* _Work instructions_:
In the records below, find the line containing "Water Lily Pond", then extract that line and all subsequent lines exactly, leaving out everything else.
=== Section Start ===
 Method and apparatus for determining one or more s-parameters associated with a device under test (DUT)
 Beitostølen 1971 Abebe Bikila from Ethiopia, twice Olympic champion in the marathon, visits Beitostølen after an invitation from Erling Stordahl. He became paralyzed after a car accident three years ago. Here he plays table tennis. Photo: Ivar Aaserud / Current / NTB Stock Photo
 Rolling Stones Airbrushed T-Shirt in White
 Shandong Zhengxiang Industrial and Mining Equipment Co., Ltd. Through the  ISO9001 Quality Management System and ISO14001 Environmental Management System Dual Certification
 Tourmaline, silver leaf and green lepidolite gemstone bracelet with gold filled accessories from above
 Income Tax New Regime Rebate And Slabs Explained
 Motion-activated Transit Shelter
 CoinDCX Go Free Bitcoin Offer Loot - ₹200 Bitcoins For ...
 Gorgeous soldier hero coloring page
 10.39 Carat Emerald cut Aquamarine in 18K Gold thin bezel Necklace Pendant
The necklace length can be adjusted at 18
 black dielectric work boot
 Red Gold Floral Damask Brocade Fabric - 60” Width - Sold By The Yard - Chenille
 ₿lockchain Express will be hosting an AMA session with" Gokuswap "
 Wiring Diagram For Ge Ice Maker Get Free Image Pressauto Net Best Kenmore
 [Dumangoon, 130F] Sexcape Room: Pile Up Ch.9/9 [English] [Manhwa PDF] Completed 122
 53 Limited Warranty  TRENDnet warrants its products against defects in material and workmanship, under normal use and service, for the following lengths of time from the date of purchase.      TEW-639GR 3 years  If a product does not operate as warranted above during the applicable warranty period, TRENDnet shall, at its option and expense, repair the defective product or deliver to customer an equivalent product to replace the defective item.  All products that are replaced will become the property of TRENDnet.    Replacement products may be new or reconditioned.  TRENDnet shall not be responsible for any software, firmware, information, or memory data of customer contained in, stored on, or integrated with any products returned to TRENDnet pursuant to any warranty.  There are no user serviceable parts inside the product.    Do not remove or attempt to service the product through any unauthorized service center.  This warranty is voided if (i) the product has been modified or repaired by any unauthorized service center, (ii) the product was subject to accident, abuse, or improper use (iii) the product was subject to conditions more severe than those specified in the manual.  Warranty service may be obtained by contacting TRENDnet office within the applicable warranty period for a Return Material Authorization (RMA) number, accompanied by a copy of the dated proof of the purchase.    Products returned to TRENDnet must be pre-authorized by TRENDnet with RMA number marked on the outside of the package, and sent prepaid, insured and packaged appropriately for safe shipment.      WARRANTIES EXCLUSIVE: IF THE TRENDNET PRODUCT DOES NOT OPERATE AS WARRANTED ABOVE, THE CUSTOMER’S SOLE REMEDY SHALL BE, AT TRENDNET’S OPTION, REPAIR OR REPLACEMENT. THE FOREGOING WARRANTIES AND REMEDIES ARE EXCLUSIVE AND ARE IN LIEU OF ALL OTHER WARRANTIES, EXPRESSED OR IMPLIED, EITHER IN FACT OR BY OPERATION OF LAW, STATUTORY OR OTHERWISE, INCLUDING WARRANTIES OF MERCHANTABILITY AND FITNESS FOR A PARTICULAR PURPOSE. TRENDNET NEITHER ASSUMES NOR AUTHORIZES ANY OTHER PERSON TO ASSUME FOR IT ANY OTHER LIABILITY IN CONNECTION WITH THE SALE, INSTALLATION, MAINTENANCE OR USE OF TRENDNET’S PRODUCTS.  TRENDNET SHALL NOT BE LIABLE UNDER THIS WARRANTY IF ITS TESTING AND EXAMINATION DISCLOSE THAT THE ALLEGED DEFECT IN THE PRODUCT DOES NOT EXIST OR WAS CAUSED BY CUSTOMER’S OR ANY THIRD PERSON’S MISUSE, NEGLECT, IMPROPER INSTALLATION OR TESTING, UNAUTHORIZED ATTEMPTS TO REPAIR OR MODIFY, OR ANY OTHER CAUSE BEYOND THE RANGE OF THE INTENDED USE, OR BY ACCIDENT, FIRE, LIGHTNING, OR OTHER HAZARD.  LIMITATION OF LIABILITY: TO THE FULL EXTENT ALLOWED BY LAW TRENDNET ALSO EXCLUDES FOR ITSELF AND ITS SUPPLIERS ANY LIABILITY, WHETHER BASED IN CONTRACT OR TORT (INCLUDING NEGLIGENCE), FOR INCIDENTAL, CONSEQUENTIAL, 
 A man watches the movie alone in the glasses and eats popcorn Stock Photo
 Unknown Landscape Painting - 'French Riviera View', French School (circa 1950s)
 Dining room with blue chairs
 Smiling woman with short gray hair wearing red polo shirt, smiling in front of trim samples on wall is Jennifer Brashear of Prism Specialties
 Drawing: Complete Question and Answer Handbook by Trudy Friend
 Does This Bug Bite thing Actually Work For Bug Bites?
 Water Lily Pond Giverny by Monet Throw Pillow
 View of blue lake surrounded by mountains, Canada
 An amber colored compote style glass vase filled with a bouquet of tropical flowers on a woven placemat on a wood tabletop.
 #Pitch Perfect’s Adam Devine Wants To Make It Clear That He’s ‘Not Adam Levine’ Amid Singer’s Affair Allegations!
=== Section End ===
* _Written solution_:
 Water Lily Pond Giverny by Monet Throw Pillow
 View of blue lake surrounded by mountains, Canada
 An amber colored compote style glass vase filled with a bouquet of tropical flowers on a woven placemat on a wood tabletop.
 #Pitch Perfect’s Adam Devine Wants To Make It Clear That He’s ‘Not Adam Levine’ Amid Singer’s Affair Allegations!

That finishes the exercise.